' ' Cinema Romantico: 99 Homes

Monday, November 16, 2015

99 Homes

In a way, Ramin Bahrani’s “99 Homes” is just an update on Oliver Stone’s 1980’s famous financial opus, but with Orlando and the fraught late aughts real estate market standing in for the wiles of “Wall Street.” But if Stone was intent to glamorize such fiscal malfeasance, as was Martin Scorsese in his garish and entertaining chronicling of Wall Street’s most notorious Wolf, Bahrani never lets such spectacular excess creep into his work. Yes, there are finely cut suits and McMansions and even one brief drug-fueled bacchanal, but everything feels empty, hollowed out, strictly joyless, even a marriage to a pretty young girl mentioned only in regards to “taxes”. This is mirrored in the performance of Michael Shannon. His infamous grimace here communicates that greed isn’t so much good as the only choice. Either you die homeless or live long enough to become a white collar criminal.

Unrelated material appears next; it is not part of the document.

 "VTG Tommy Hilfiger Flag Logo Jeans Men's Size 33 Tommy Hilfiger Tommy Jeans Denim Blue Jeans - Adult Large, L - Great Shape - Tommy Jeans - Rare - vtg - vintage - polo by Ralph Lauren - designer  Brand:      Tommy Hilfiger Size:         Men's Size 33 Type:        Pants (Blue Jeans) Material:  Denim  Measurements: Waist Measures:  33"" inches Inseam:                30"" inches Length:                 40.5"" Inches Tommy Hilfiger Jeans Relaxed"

Shannon’s Rick Carver is the devil in a white linen jacket, ruthless mortgage broker skulking around central Florida evicting people from their foreclosed homes. His unwilling accomplice becomes a young construction worker, Dennis Nash (Andrew Garfield), who has his home taken by Carver in a scene of extraordinarily emotionally charged filmmaking in which Bahrani’s neo-realism roots are on full, squirm-inducing display. The sequence is not trumped up and the tragedy is not built to or belabored; it just happens, swiftly. One minute, it’s the home Dennis and his young son (Noah Lomax) and mother (Laura Dern) have lived in all their lives. The next, everything they own is out on the curb. The casual callousness in Carver’s voice - "It's not your home, son" - is terrifying, mirroring the helplessness of the Nash family, made that much more helpless by their standard-issue pleas of how the whole thing must be a mix-up. By starting this scene with Carver and then segueing to the Nash’s, we see it as much through Carver’s eyes, which makes Nash’s pleas sound as empty to our ears as they do to his. These are the things everyone says. Carver hardly even hears them.

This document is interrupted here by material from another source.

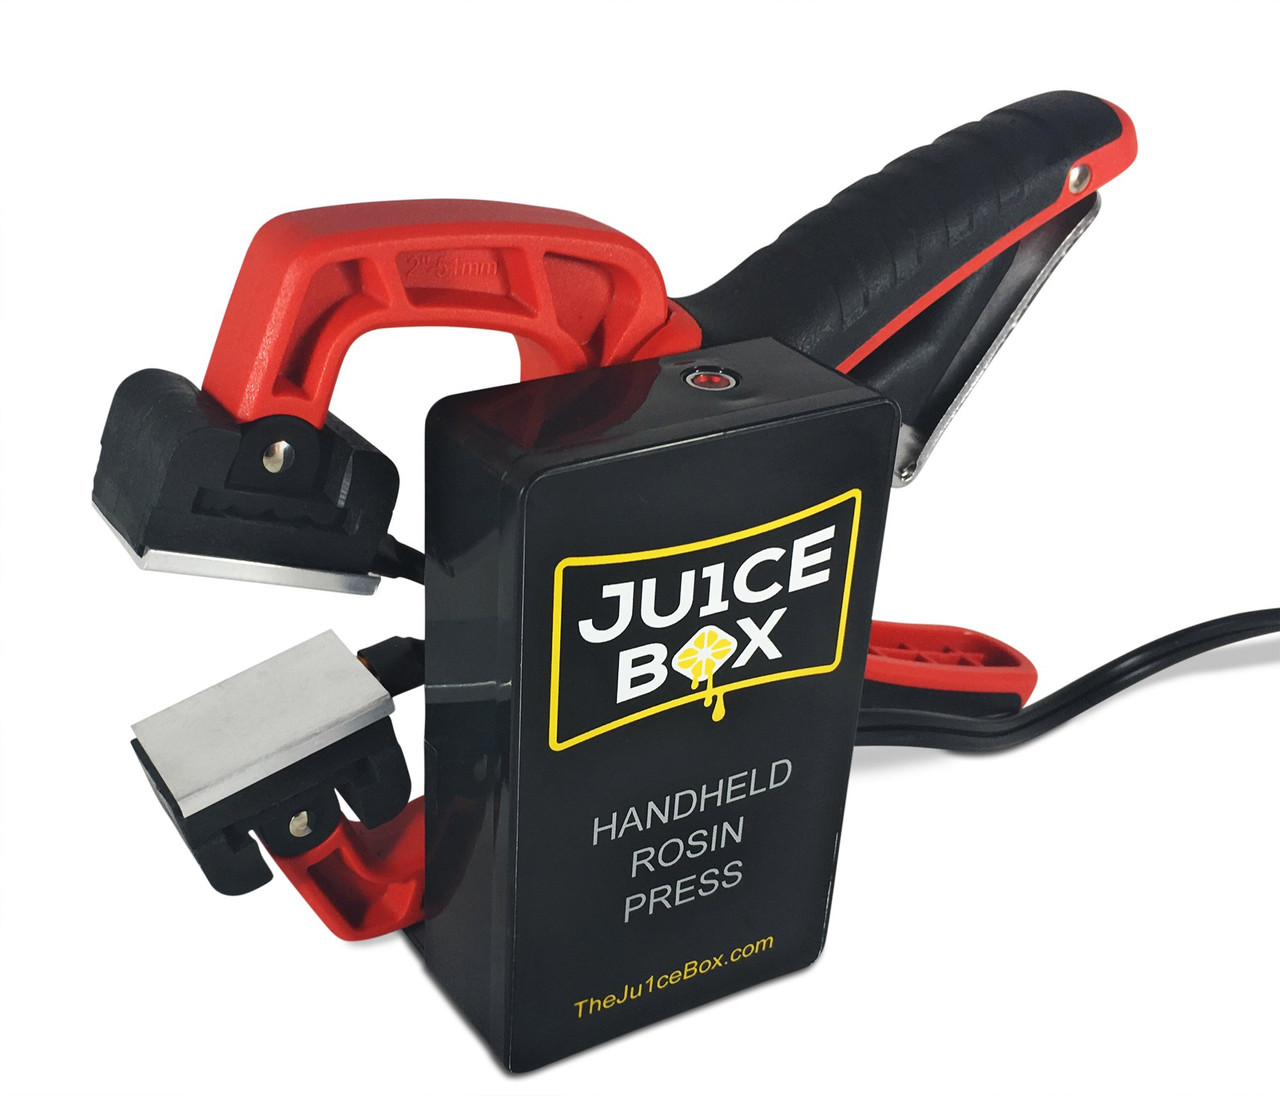 Ju1ce Box - Rosin Press (Free Shipping)

The Nash’s are forced to move to a kind of modern shantytown, an apartment complex strewn with other poor souls on whom the evil bank foreclosed, unable to find a way out with no cash and no credit. Dennis not only needs to get his family out, he needs to get his family back to their family home, and this becomes a lesson “99 Homes” imparts with impressively clear eyes. Carvel councils his young charge not to view that home of so much history through any kind of nostalgic lens because in this world, every home is just a box. “Small boxes and large boxes.” That’s it. Either they make you money or lose all you have.

Sensing a work ethic in Dennis, or, more likely, an acute desperation which he could exploit, Carver brings the young father into his business, showing him the ropes and giving him increasing amounts of responsibility. Before long, Dennis is going to other people’s homes and foreclosing on them, becoming the same sort of person he wanted so desperately to beat to a pulp. Perhaps the parallels between good Dennis and evil Dennis are on the nose, but the point Bahrani draws out of these encounters and Dennis’s newfound cash inflow and sense of purpose are no less effective. In the view of “99 Homes” the middle class is slowly being squeezed out, leaving only rich or poor, no in-between, and you gotta pick side.

This is the real message delivered by Carver. At first, he might seem a simple villain, vaping, dressed to the nines. But then he dispassionately delivers an impassioned speech, revealing that his roots, in construction and roofing, were no different than Nash’s, and upon realizing America was trending toward giving up on his kind, Carver made the choice not to get left behind. And while Garfield does fine work, effectively evincing a man who seems to be in quicksand every moment of the day, even when he's making good, selling his soul even as he reaches the point where he can finally buy back his home, it is Shannon’s gripping turn, effusing a nasty faith in Darwinism, that epitomizes “99 Homes” and the place where this strange new millennium America has found itself.

Still, even that isn’t so simple, and “99 Homes”, its narrative wrap-up perhaps a bit too neat, working a little too much like literary clockwork, provides an obvious reckoning for Carver that winds up not being so obvious at all. Shannon does not play it enraged; he plays it...relieved. Deep down, a heart beats still. The truth sets him free. Though Bahrani views the world in the context of “99 Homes” as incredibly black and white, he also does not see this as an excuse for unethical behavior, which fashions a dilemma that seems practically unsolvable. Perhaps in a world where morals have run amok in the name of more (and more) money, all you can hope to achieve in the end is a clear conscience.